+++ Material provided

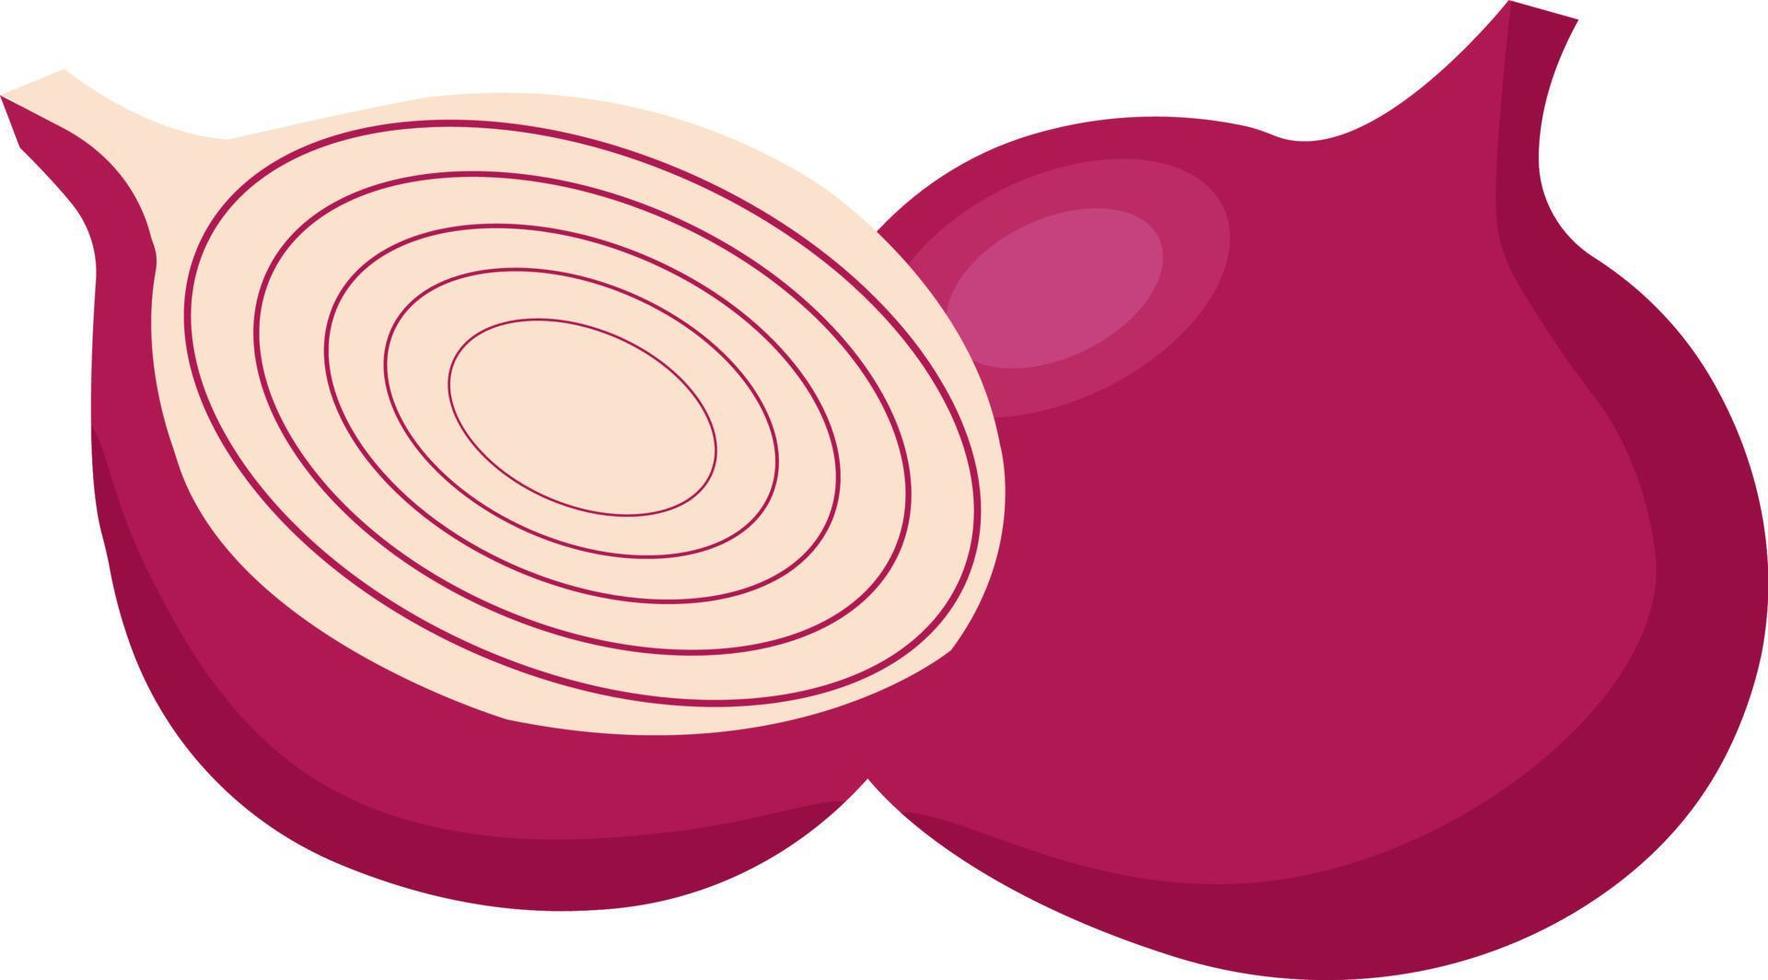 Red onion, illustration, vector on white background.
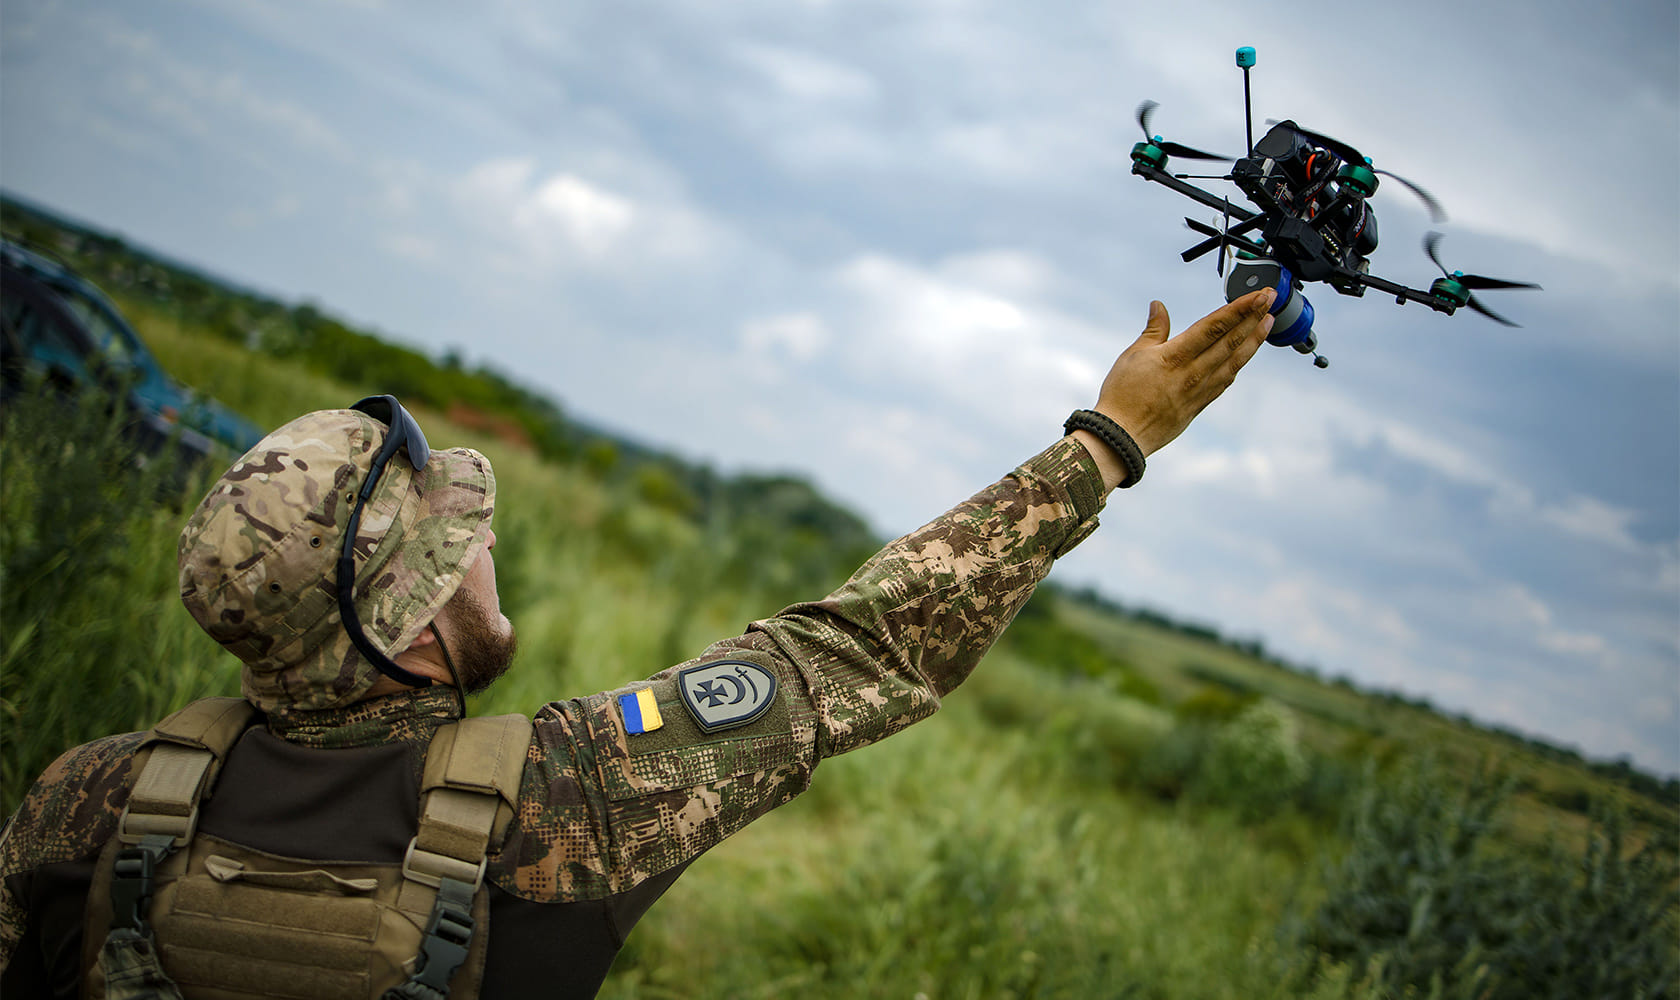 Oleksandr Kamishin: In Ukraine, there are over 50 manufacturers of ammunition for drones
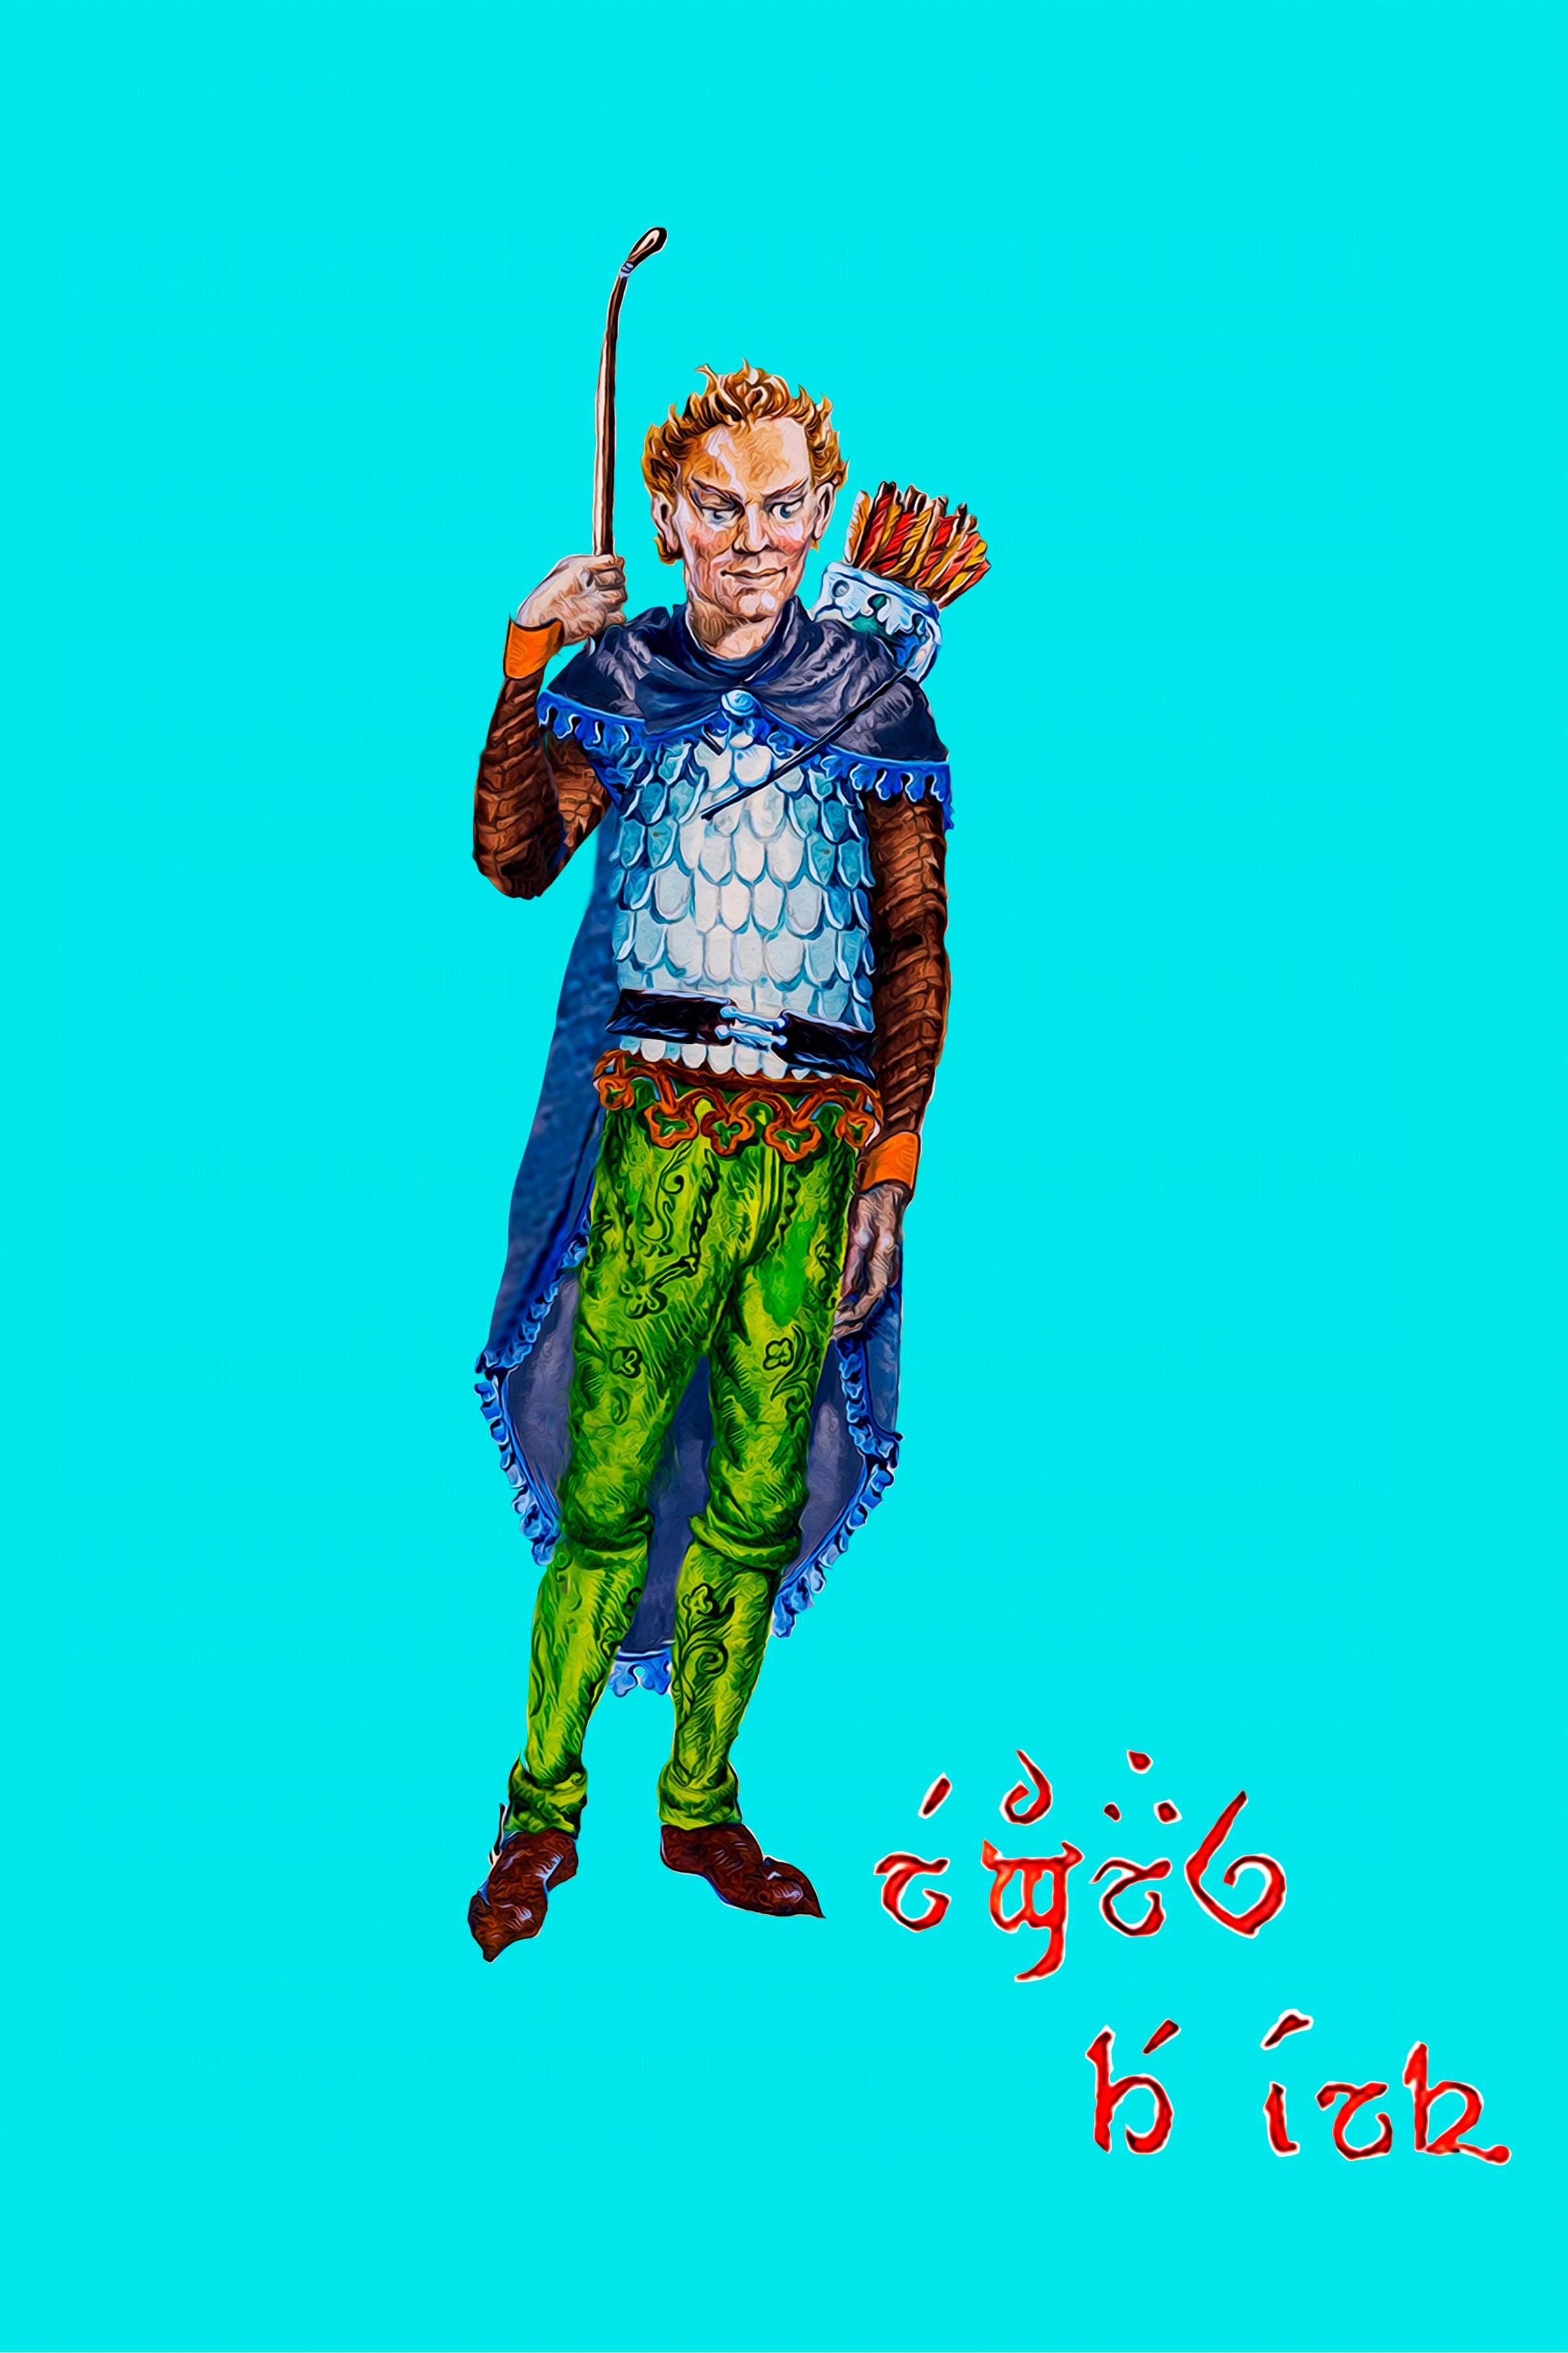 A Prince of the Elves with Bow and Arrows

++++++

__Your objective__
What the answer must hold is the exact text of every line from the one containing "Oleksandr Kamishin: In" through the end of the data, minus any pictures.

__Finished exercise__
 Oleksandr Kamishin: In Ukraine, there are over 50 manufacturers of ammunition for drones
 A Prince of the Elves with Bow and Arrows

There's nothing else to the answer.